TASK INPUT section start

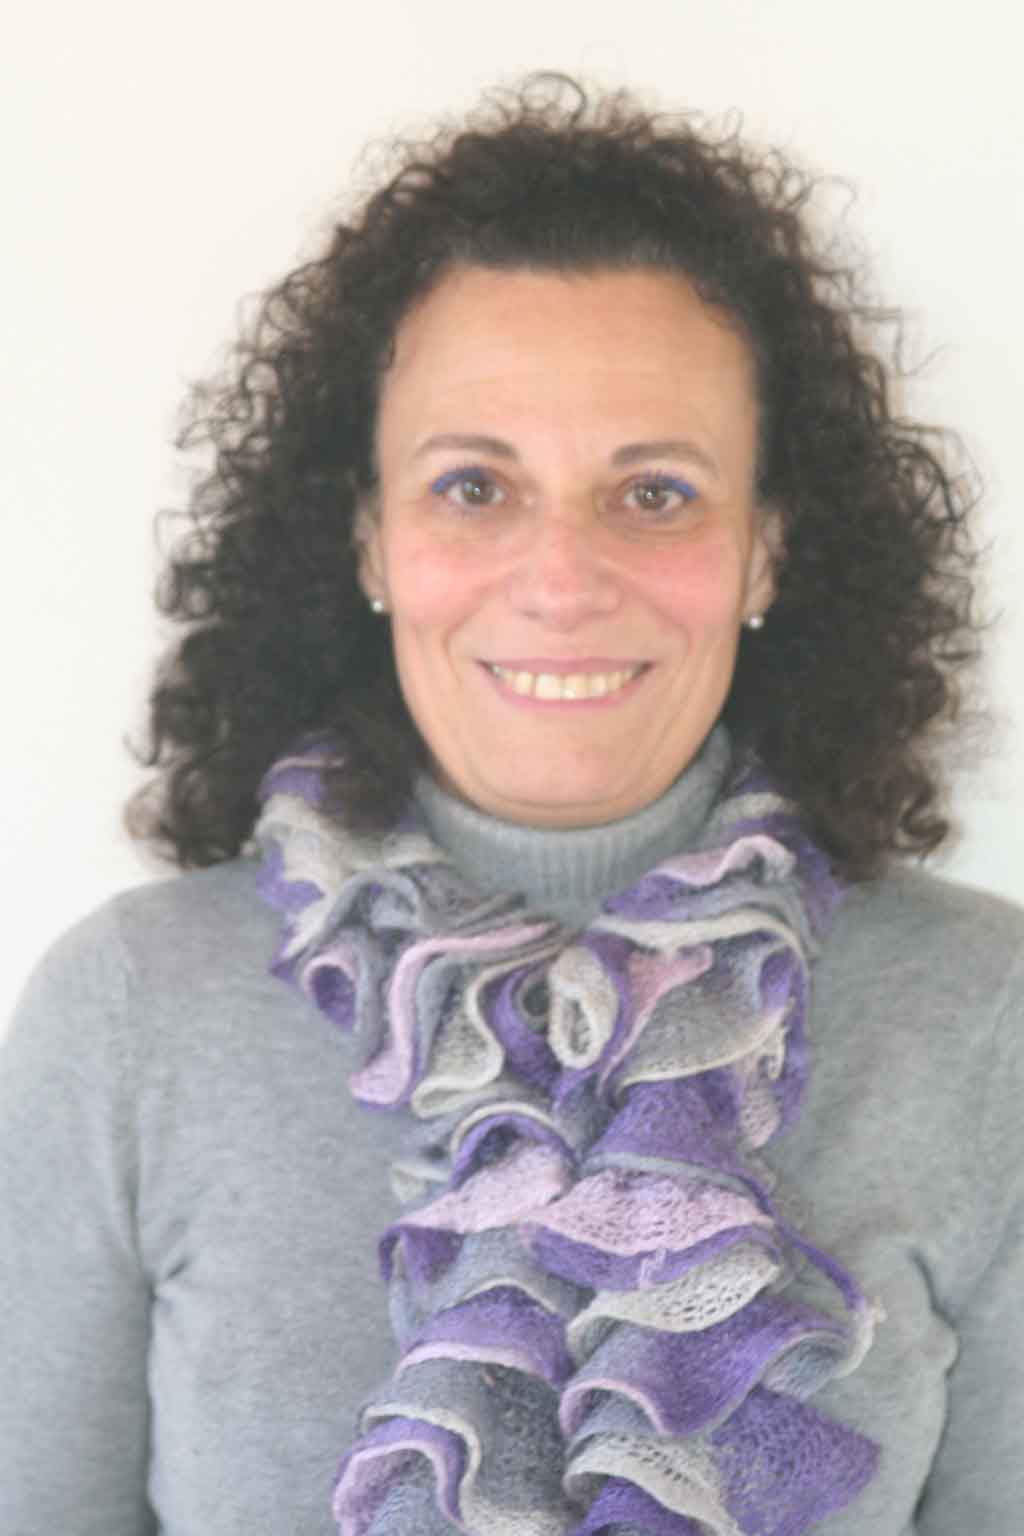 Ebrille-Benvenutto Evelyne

TASK INPUT section end
TASK INPUT section start

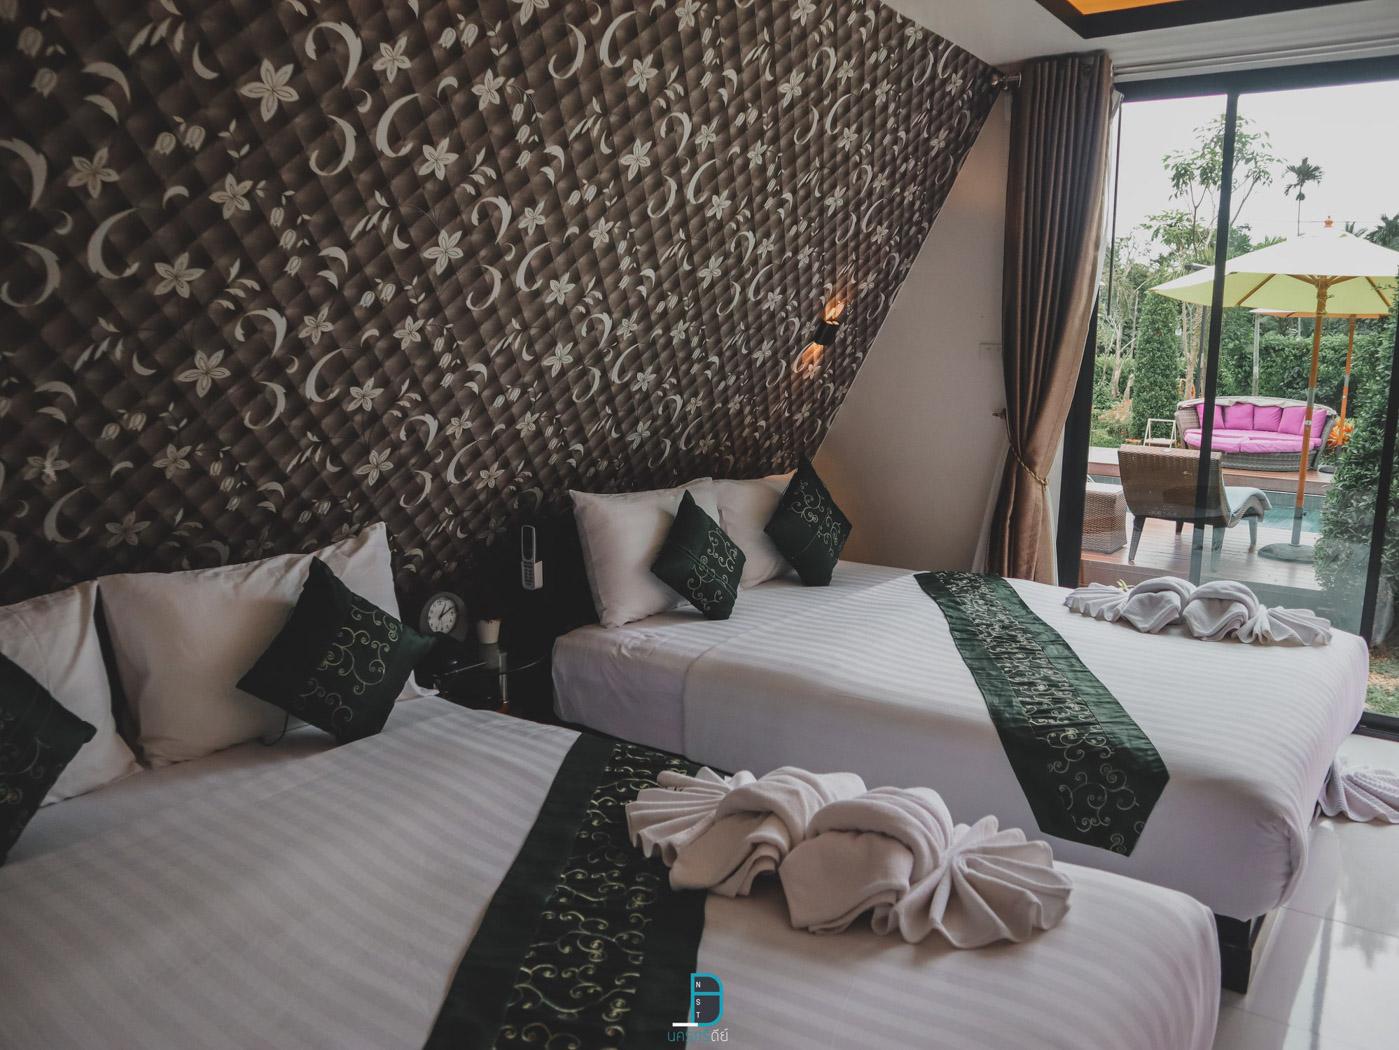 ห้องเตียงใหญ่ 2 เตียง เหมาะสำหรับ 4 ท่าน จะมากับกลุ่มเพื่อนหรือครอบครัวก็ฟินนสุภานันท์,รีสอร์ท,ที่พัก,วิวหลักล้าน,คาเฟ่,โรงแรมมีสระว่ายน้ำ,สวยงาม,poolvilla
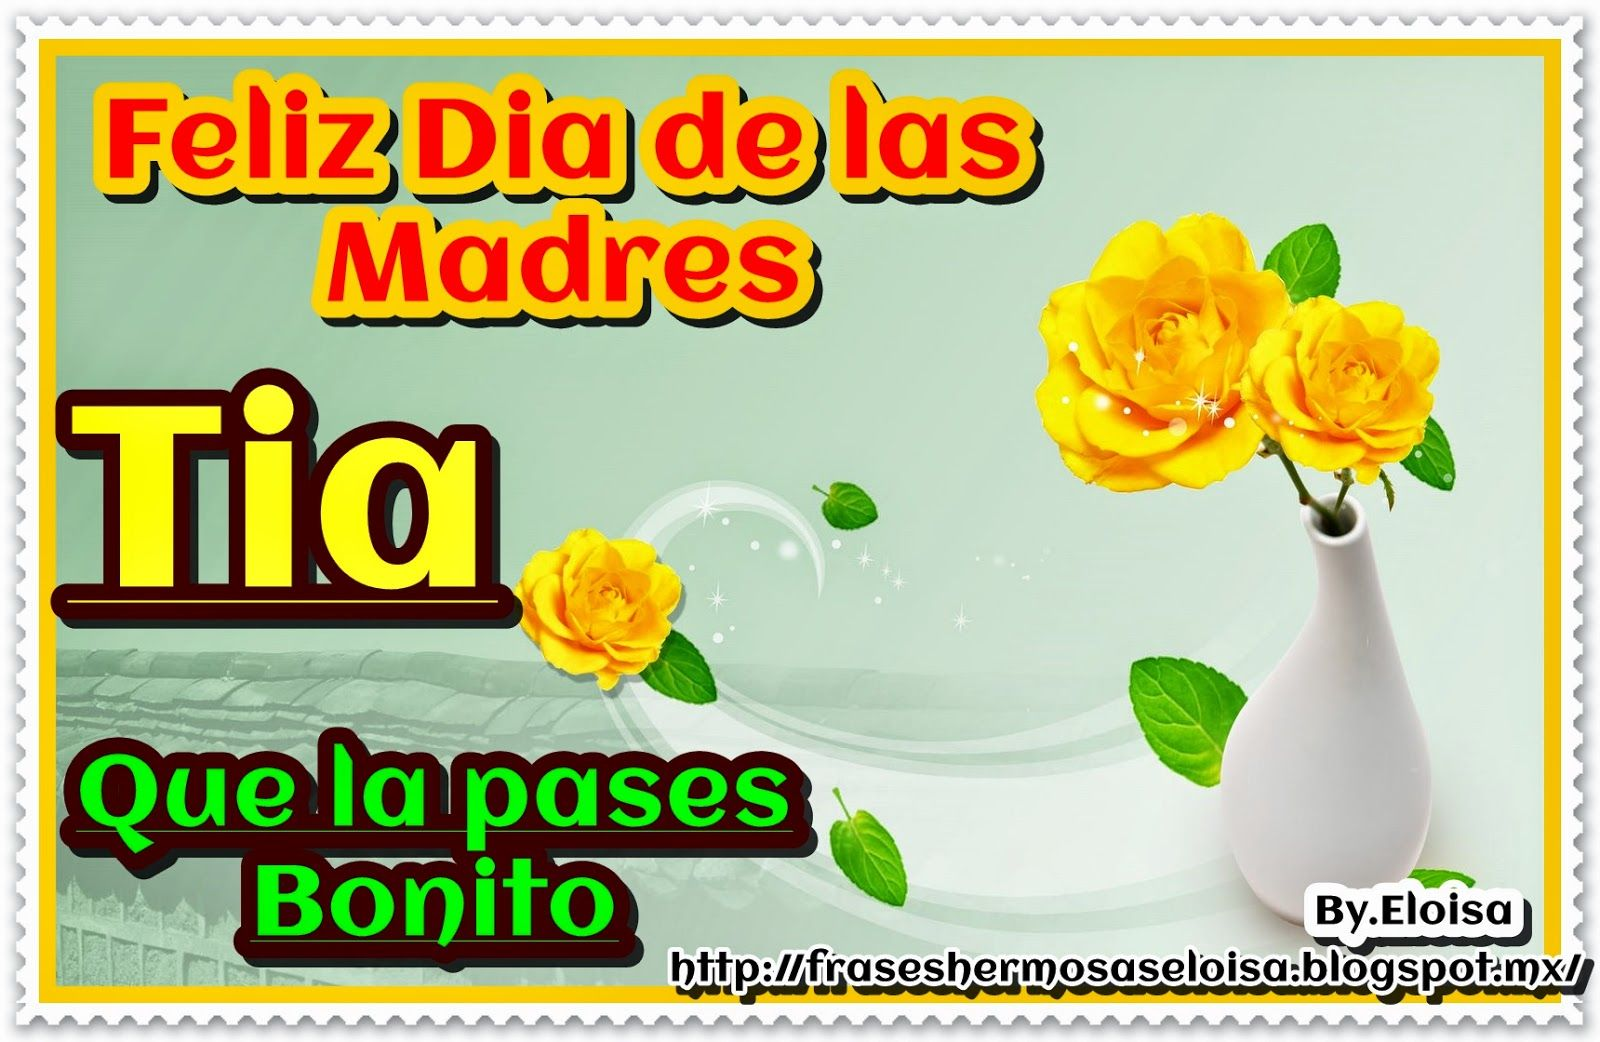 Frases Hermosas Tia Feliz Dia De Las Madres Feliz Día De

TASK INPUT section end

== ACTION ITEM ==
Although the records above contain pictures, the copy should not; retype exactly the lines from the one containing "ห้องเตียงใหญ่ 2 เตียง" through the one containing "Frases Hermosas Tia".

== WRITTEN SOLUTION ==
 ห้องเตียงใหญ่ 2 เตียง เหมาะสำหรับ 4 ท่าน จะมากับกลุ่มเพื่อนหรือครอบครัวก็ฟินนสุภานันท์,รีสอร์ท,ที่พัก,วิวหลักล้าน,คาเฟ่,โรงแรมมีสระว่ายน้ำ,สวยงาม,poolvilla
 Frases Hermosas Tia Feliz Dia De Las Madres Feliz Día De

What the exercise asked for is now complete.